5. Ein Vertrag mit Schutzwirkungen zugunsten des Klägers muss als Anspruchsgrundlage schon deshalb ausscheiden, weil dieses Rechtsinstitut dazu dient, Schutz und Sorgfaltspflichten aus einem Vertragsverhältnis über die Vertragspartner hinaus auf Dritte zu erstrecken, wenn diese erkennbar durch die Vertragserfüllung erhöht gefährdet werden und der Interessensphäre eines Vertragspartners angehören.

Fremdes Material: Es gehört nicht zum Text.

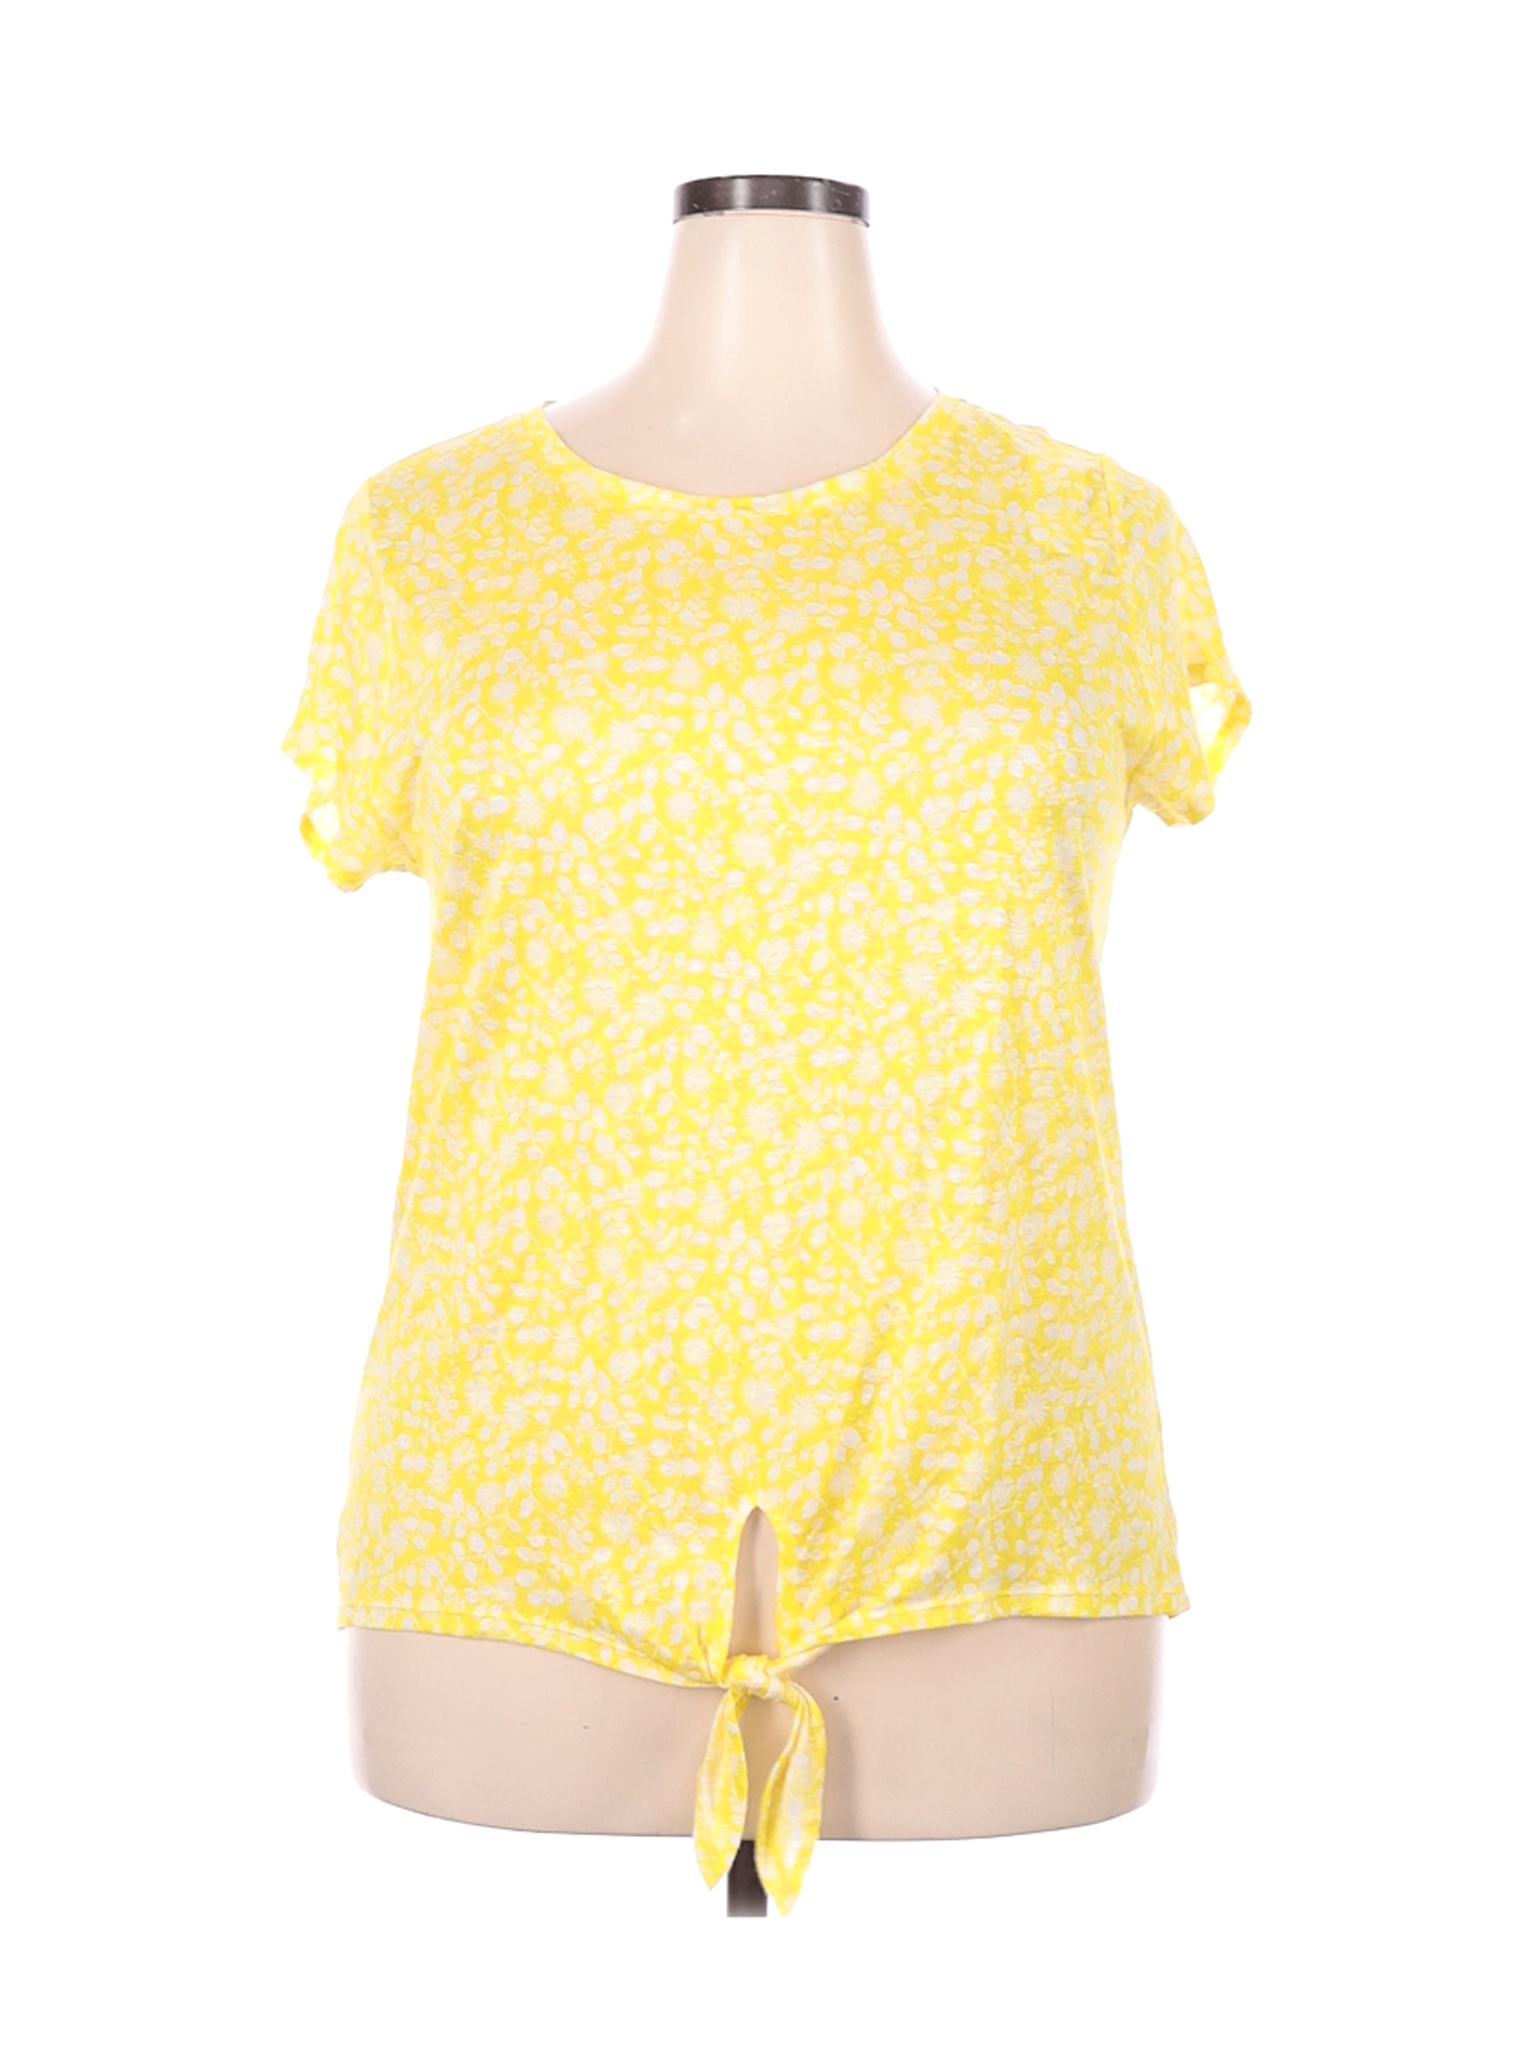 Ann Taylor LOFT Women Yellow Short Sleeve T-Shirt XL | eBay

Erfasst sind somit Dritte, deren Kontakt mit der vertraglichen Hauptleistung beim Vertragsabschluss vorhersehbar war und die der Vertragspartner entweder erkennbar durch Zuwendung der Hauptleistung begünstigte oder an denen er ein sichtbares eigenes Interesse hat, oder denen er selbst offensichtlich rechtlich zur Fürsorge verpflichtet ist (s nur Karner in KBB ABGB 4 , § 1295 Rz 19 mwN). Nach den Feststellungen sollte der Kläger aber weder durch die Zuwendung der Entschädigung begünstigt werden noch bestand ein entsprechendes Eigeninteresse oder eine Fürsorgepflicht der Beklagten gegenüber dem Kläger. Sollte der Kläger den Klagsbetrag auf einen ihm entstandenen Vermögensschaden stützen wollen, so ist zu bedenken, dass sich die Schutzwirkung eines Vertrags nur dann auch auf Vermögensschäden Dritter bezieht, wenn die Hauptleistung gerade dem Dritten zukommen soll (RIS Justiz RS0026552 [T2]). Wie dargelegt, sollte die Nebenentschädigung aber nicht dem Kläger zufließen.
Die Entscheidung des Berufungsgerichts ist danach nicht weiter korrekturbedürftig.
6. Mangels einer Rechtsfrage von der Qualität des § 502 Abs 1 ZPO ist die Revision daher zurückzuweisen.
Die Kostenentscheidung gründet sich auf die §§ 41, 50 ZPO.